BEGIN Excerpted records
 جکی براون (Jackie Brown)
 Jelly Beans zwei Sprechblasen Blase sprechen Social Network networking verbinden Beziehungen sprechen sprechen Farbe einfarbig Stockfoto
END Excerpted records
BEGIN Excerpted records
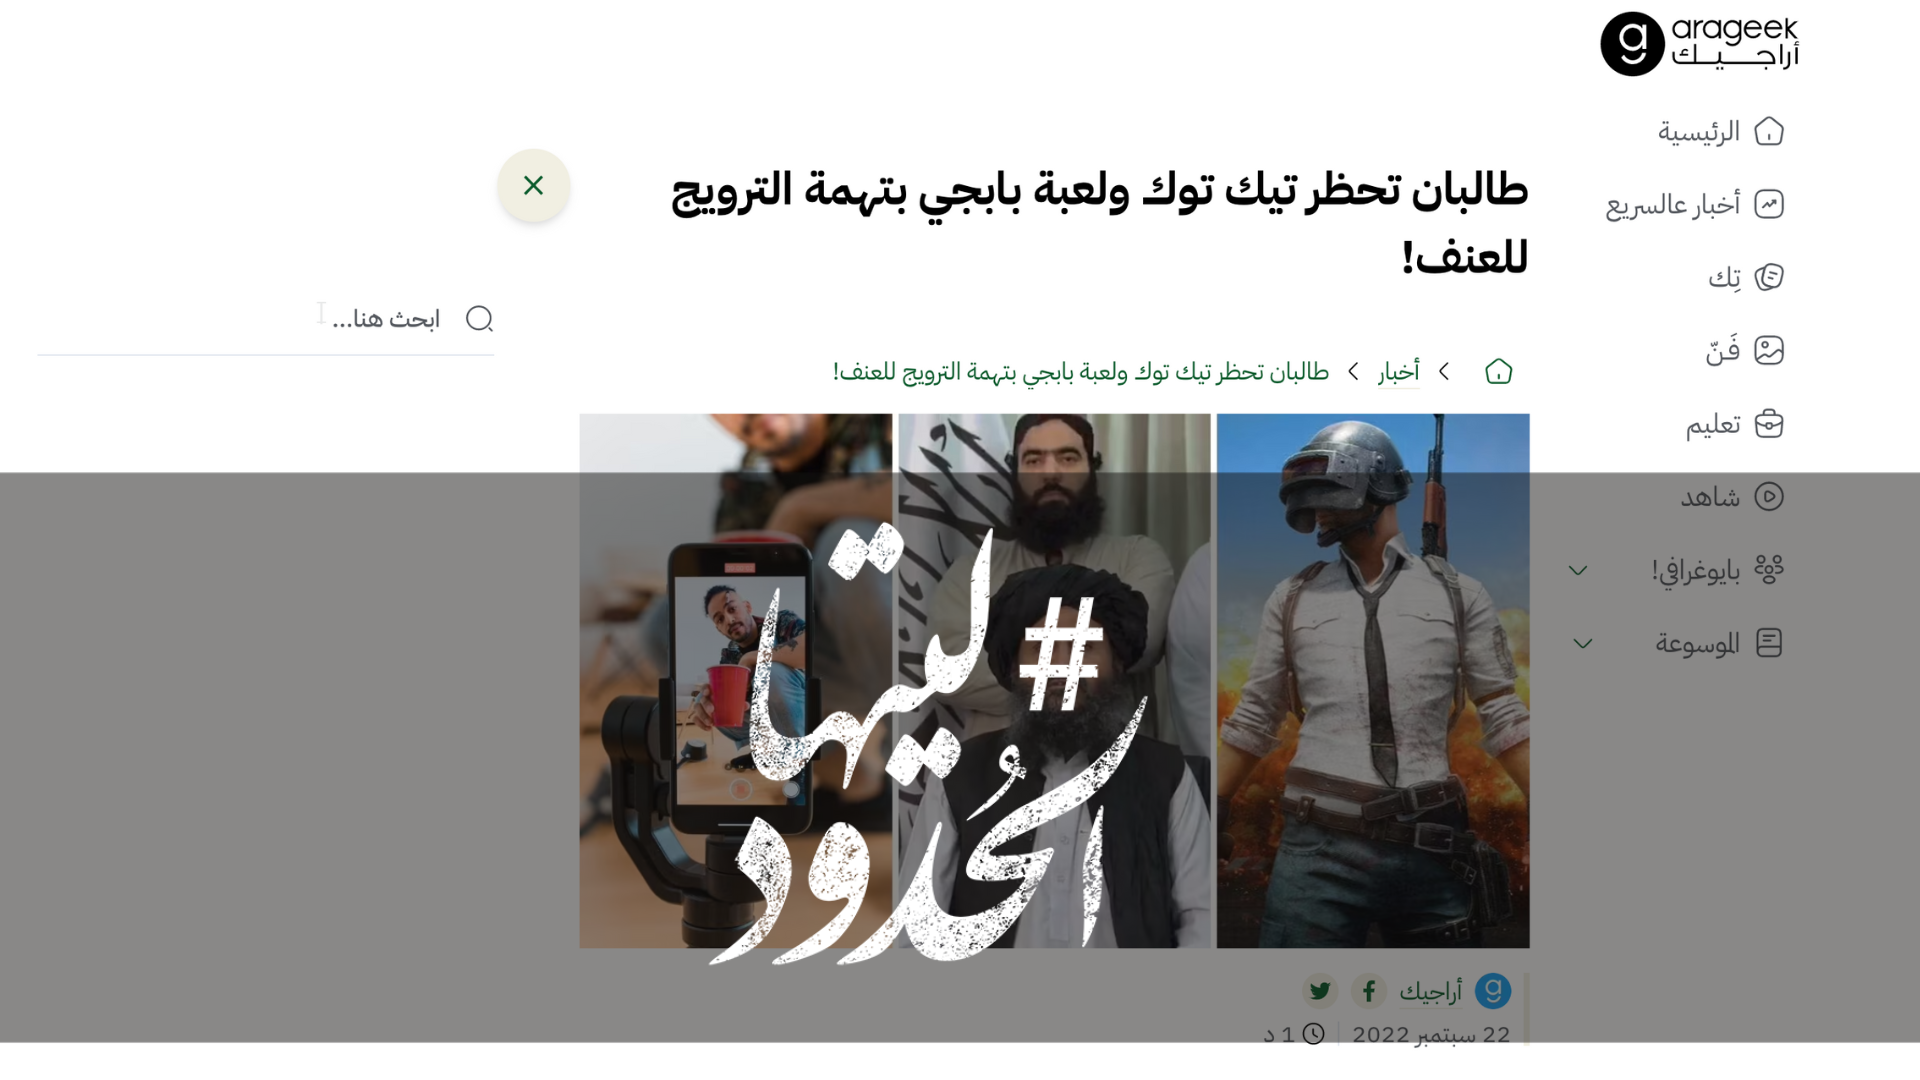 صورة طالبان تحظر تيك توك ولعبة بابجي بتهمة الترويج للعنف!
END Excerpted records
§ **Task requirements**
Copy out only the lines above from the one with "جکی براون (Jackie Brown)" to the one with "Jelly Beans zwei", inclusive, exactly as they stand.

§ **Result**
 جکی براون (Jackie Brown)
 Jelly Beans zwei Sprechblasen Blase sprechen Social Network networking verbinden Beziehungen sprechen sprechen Farbe einfarbig Stockfoto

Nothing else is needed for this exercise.